I'd like to see Jamie Dimon and Sheila Bair mud-wrestle for it. They could sell tickets and put it on Pay-Per-View. All proceeds could be used to cut the national debt. Several rounds between the gummint and the Octobanks could solve a huge problem for all of us.

Seriously, these banks are acting a bit on the desperate side now. We have BofA being snarky with investors and suing its title insurer. Chase with this nonsense.

I always thought when one company bought out another it purchased all assets and all liabilities. That's why due diligence is required. Sounds like Chase just wants the cream for itself and thinks the rest of us should be forced to drink the sour milk. BS on that!

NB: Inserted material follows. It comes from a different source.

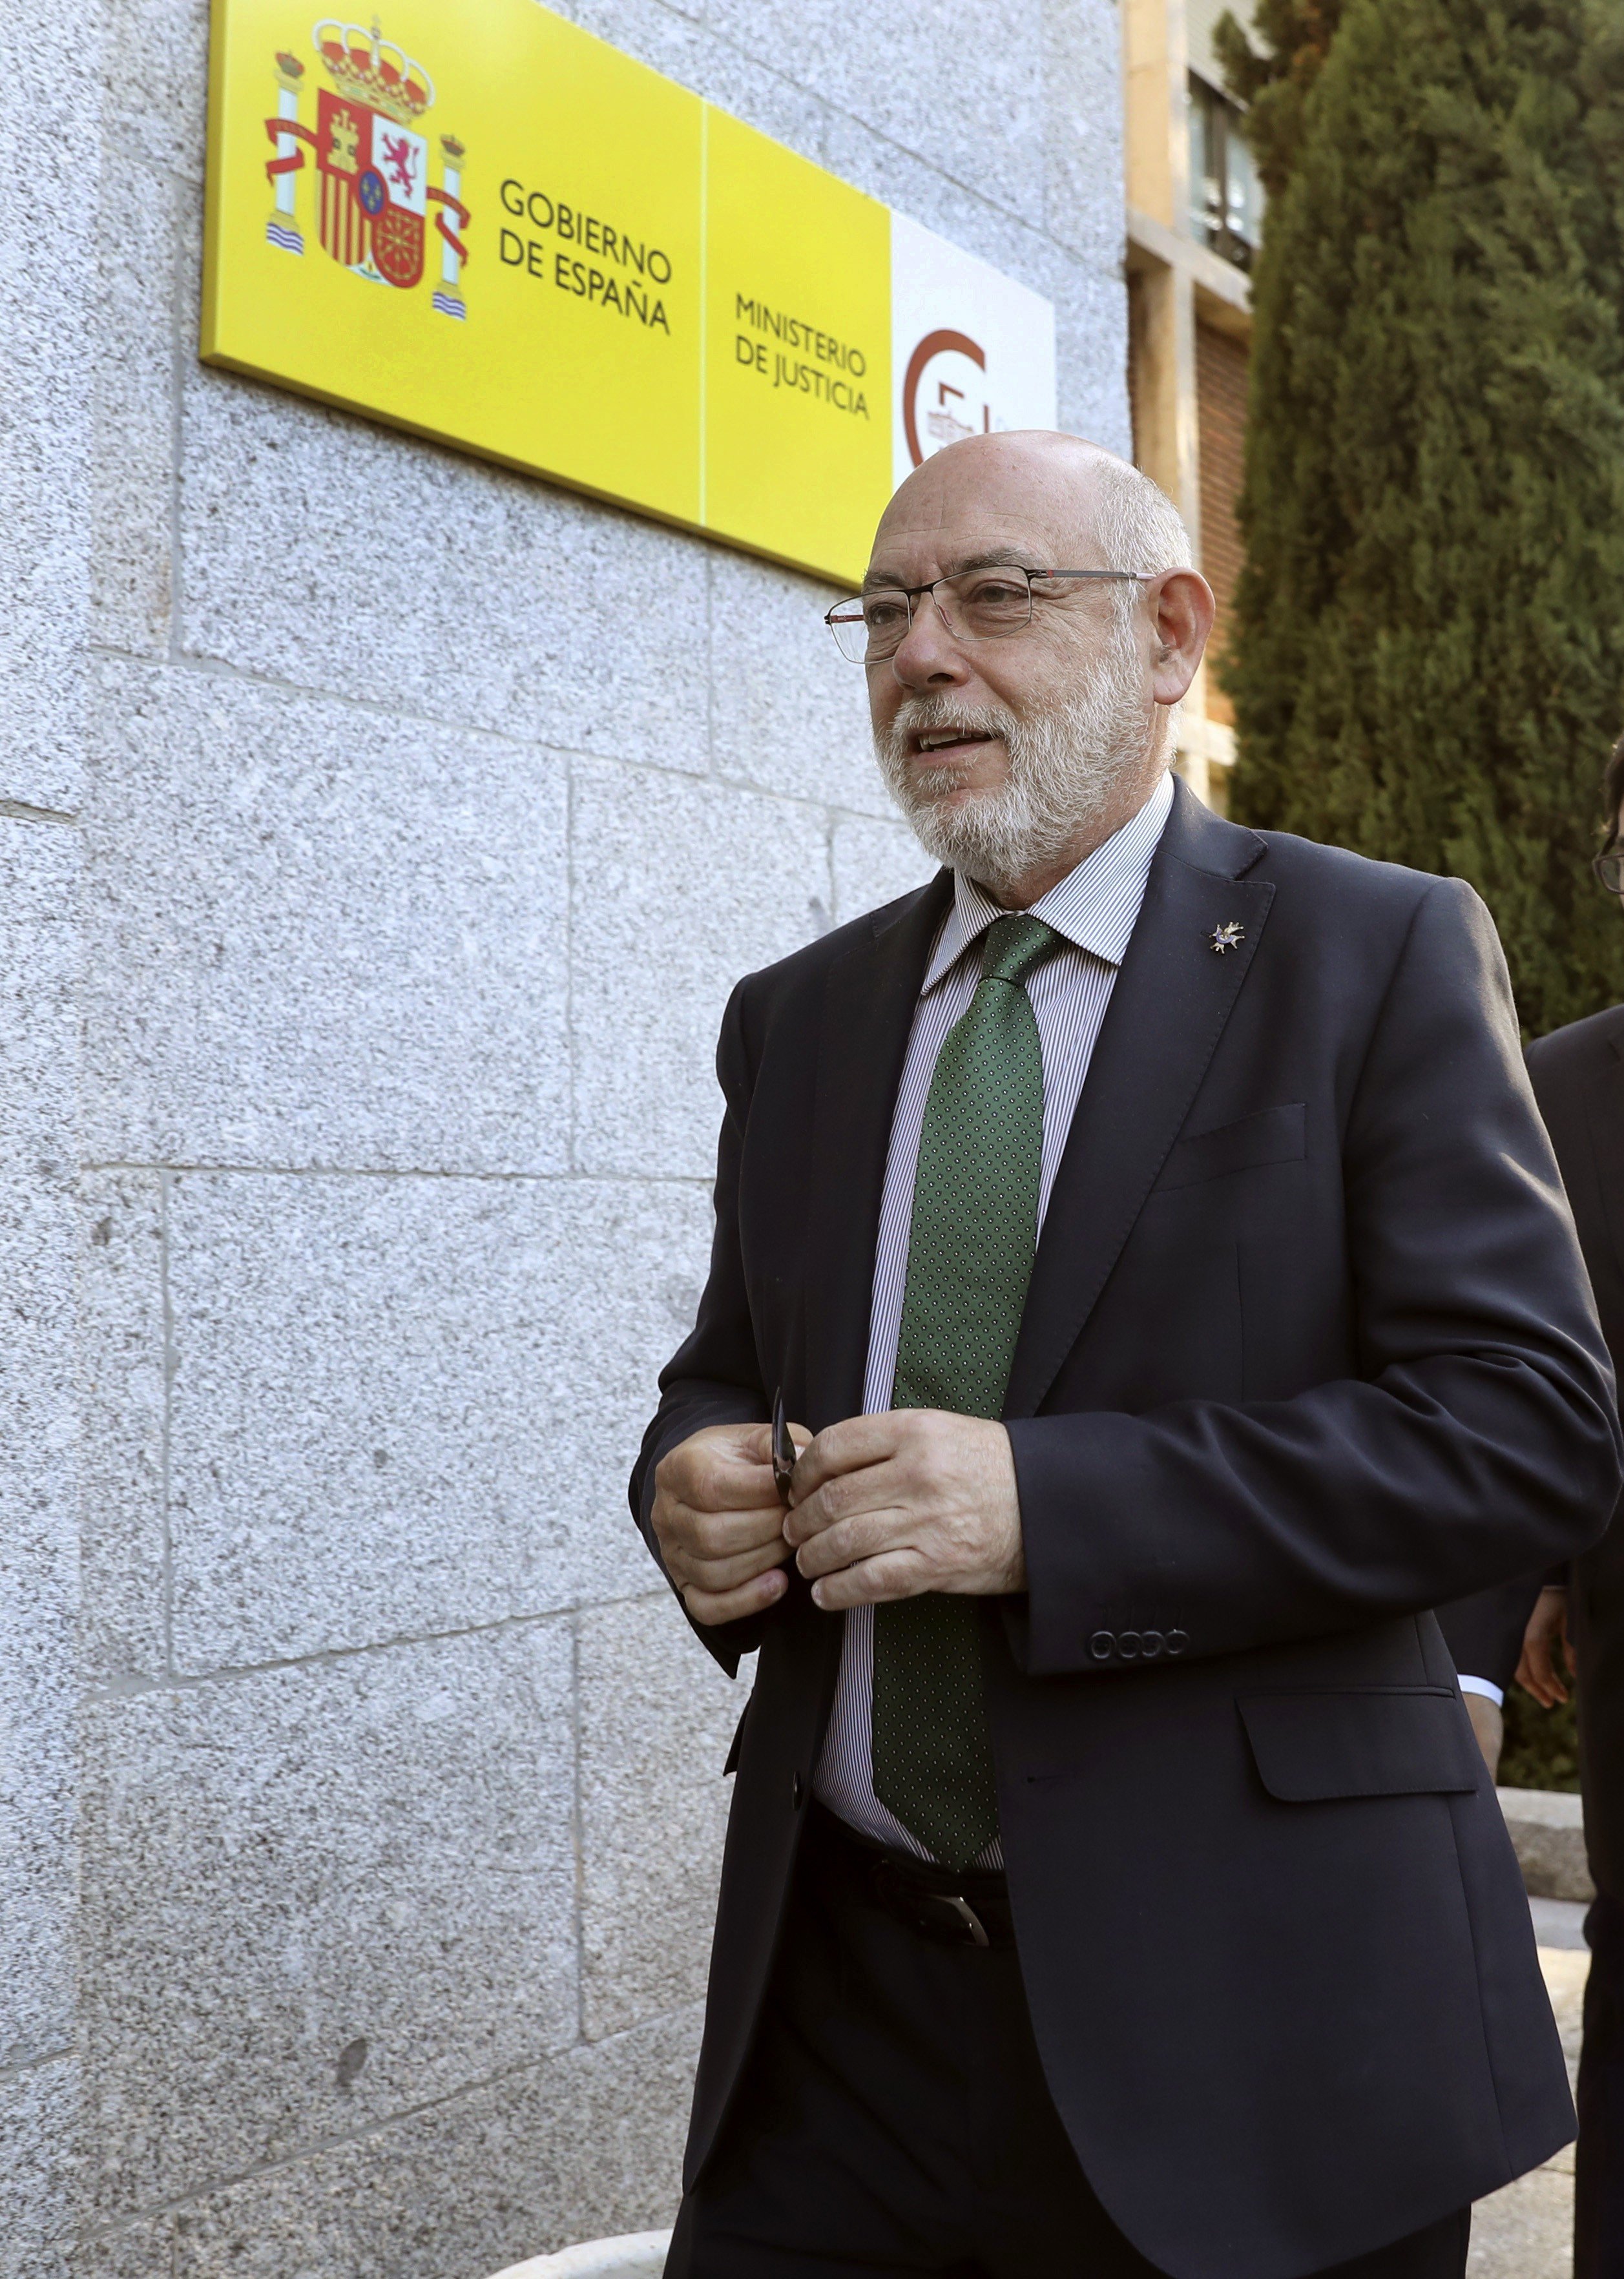 El fiscal general enmarca en la "cortesía institucional" la visita a Puigdemont

J.P. Morgan, FDIC tangle over responsibility for WaMu liabilities

Federal regulators and J.P. Morgan Chase - which together managed the collapse of Washington Mutual during the frenzied days of the financial crisis - are embroiled in a fight over who should cover billions of dollars from a legal mess that the failed Seattle thrift left behind.

The 2008 implosion of WaMu, as it's commonly known, was the biggest banking failure in U.S. history, prompting the Federal Deposit Insurance Corp. to take over the firm and then orchestrate a shotgun deal for J.P. Morgan to buy the bank for a paltry $1.9 billion.

But the paperwork for the merger was written so hastily over a 48-hour period that it left ambiguous who should cover the cost of WaMu's liabilities.

J.P. Morgan points the finger at the FDIC, saying that it agreed only to take on bank liabilities that were spelled out on WaMu's books during the handoff. The lawsuits weren't, hence, J.P. Morgan has said it is off the hook, according to legal filings.

The FDIC has said J.P. Morgan agreed to buy the bank, both the good and the bad.

The dispute is another reminder of the continuing fallout from the extraordinary - and very rushed - steps taken by the federal government to shore up the financial system as it was teetering on collapse. Decisions were made quickly, and the paperwork sealing massive mergers was signed without spelling out every consequence.

Ultimately, taxpayers could bear the brunt of those hasty actions. Experts say the law may indeed favor J.P. Morgan.